Everyone who reads this diary knows that I’ve been nagging them to get a colonoscopy. We recently flew to Texas to make a last visit a friend who is dying from colon cancer. It was a sad trip, of course, and I tried to figure out what my role was supposed to be in this situation–what was my piece in this particular jigsaw? I assumed it was one thing, but it turned out to be quite another.

I remember when Whitley’s mother died, she asked only one thing of me: to find a home for the stray cat she had adopted. I was determined to do it, and it wasn’t easy–the friend who had initially agreed to take the cat backed out, because she already had too many cats in her house. A relative who lived in the country reluctantly agreed to take on the cat as an “outdoor” animal that would pal around with her large posse of other cats, but this didn’t seem to be a very satisfactory solution. But I was determined to honor this wish, so I persevered and finally found the cat a home with another relative. It’s now 20 years later and that cat is still alive, despite the fact that its owner now has to give it daily insulin injections. The man who adopted it was a lonely guy at the time–first his girlfriend, and then his wife, left him– but through it all, he had that cat to keep him company. Now that he has a nice new wife, I like to think that after all these years, the cat has done its job, so it can finally die in peace.

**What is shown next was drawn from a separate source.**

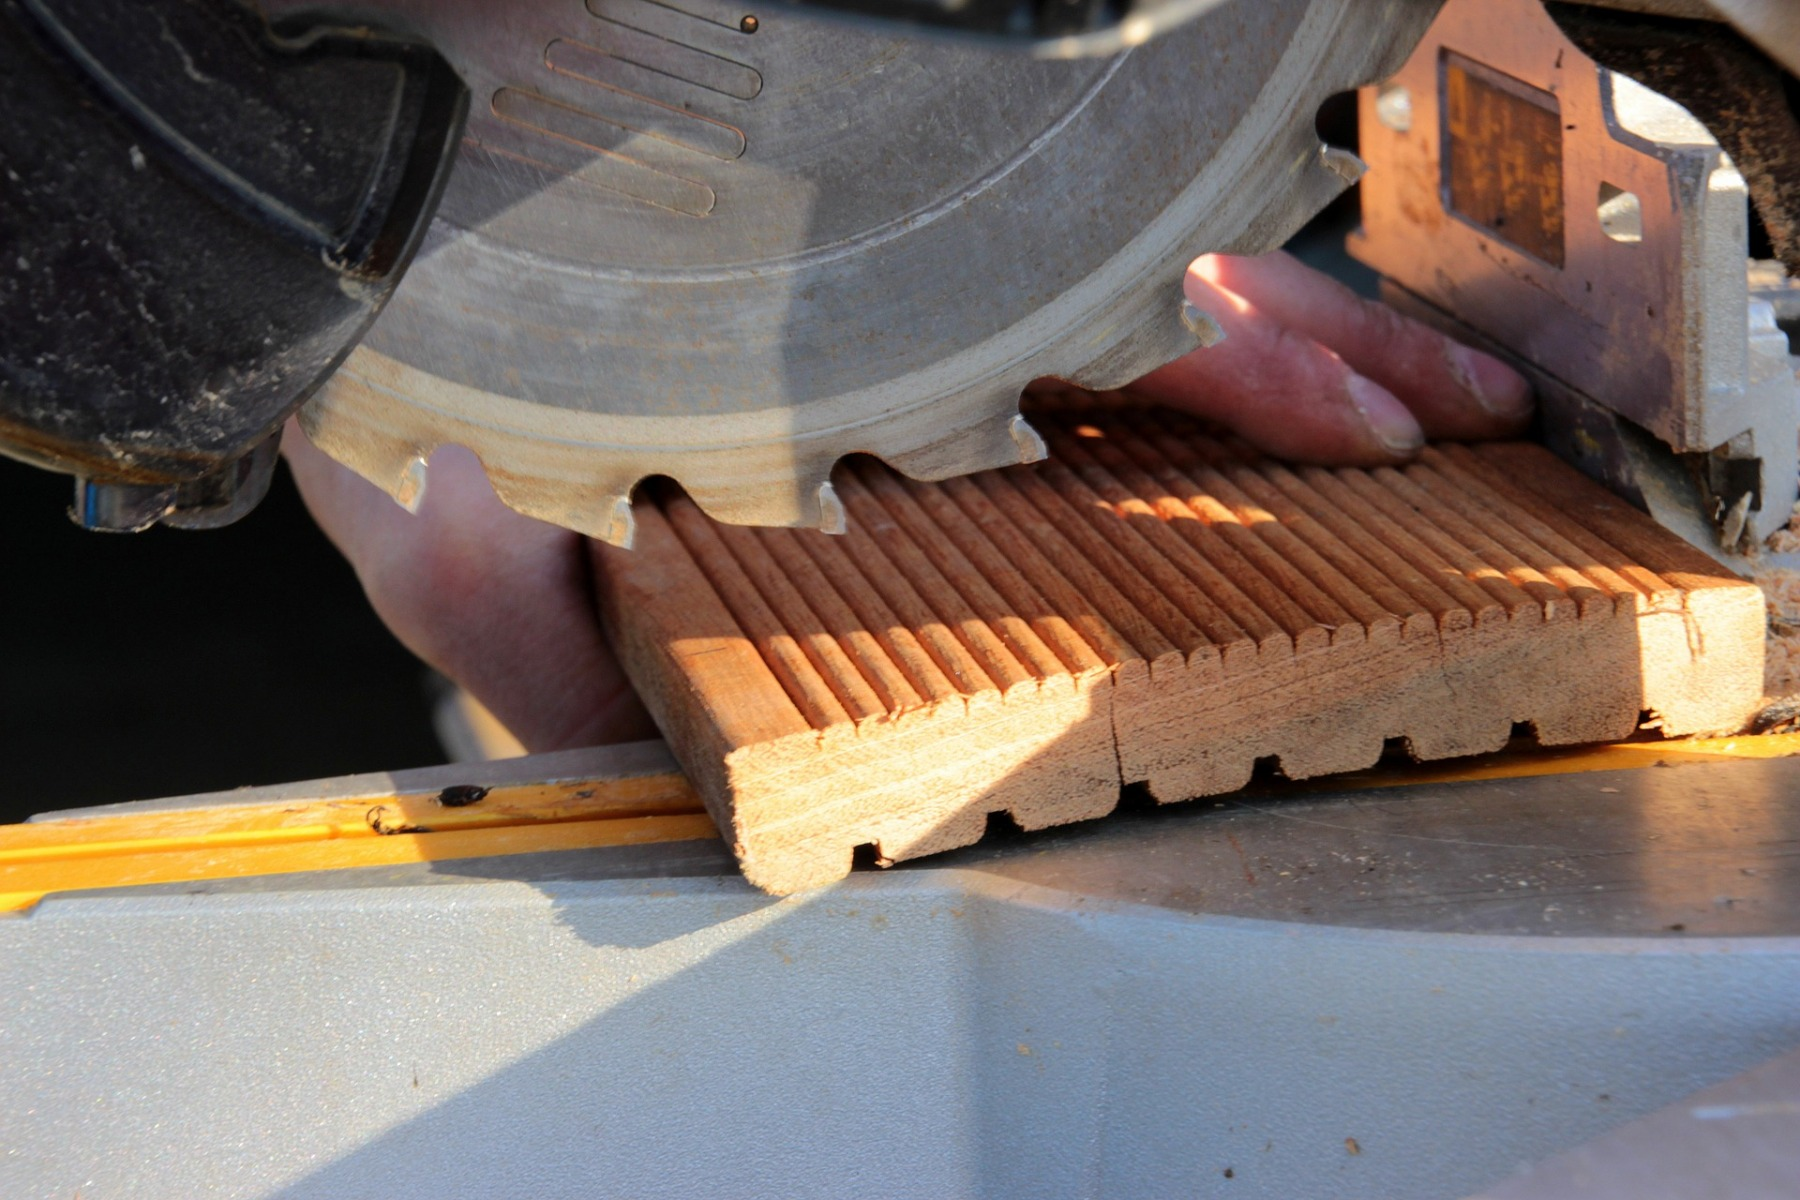 crosscut-saw-1337288_1920

The goddaughter of our dying friend is kind of a stray cat. Her biological father has never had much time for her and her stepfather (her mother’s second husband) has been kind, but he basically gave his heart to his own daughter (who is our goddaughter’s younger sister). This means that the younger girl, while bereft, will still have a home with her dad after her mother dies, but our goddaughter will be left a kind of orphan.

I grew up as a motherless child, and I know how hard it is– nothing ever quite makes up for it. Although our goddaughter is a young woman now, she will still feel her loss keenly. I used to say that I could always spot someone who had lost their mother too young. Maybe it takes one to spot one: there’s something essentially lonely and needful about such people.

Since there was nothing we could do for our dying friend except say goodbye, and she had a large circle of friends and medical professionals there to help her, I thought that the main reason I was going there was to be with our goddaughter. But then I got a surprise.

We were contacted by the grief-stricken second ex-husband, who confessed that he was still desperately in love with our friend and always would be. Before her illness, they had begun to reconcile, and now he wanted some time alone with her, but our goddaughter was preventing him from doing this, out of concern for her mom. He begged us to arrange some private time for him to be alone with her to say goodbye, so we did. They were able to reconnect and complete the circle they had begun so many years before.

On the flight to Texas I looked out the window and was puzzled by what looked like strange patches of grayish algae on the ground below. Then I realized that these were shadows cast on the ground by the clouds high above.

In First Corinthians 13, Paul writes, “for now we look as if in a mirror, shrouded in mystery; but then we will see face to face. Now I partly discern, but then I will perceive the same way that I was perceived all along.” (This is from my favorite Bible translation: The Unvarnished New Testament by Andy Gaus)

On the way home, the weather was sunnier, so I didn’t see any shadows of clouds below us. I reflected on the idea that our lives are lived underneath cloud shadows, with us never seeing the big picture, only each small step before us. Occasionally we manage to catch a fleeting glimpse of what our role here may be, but then it quickly fades and we continue on our way again.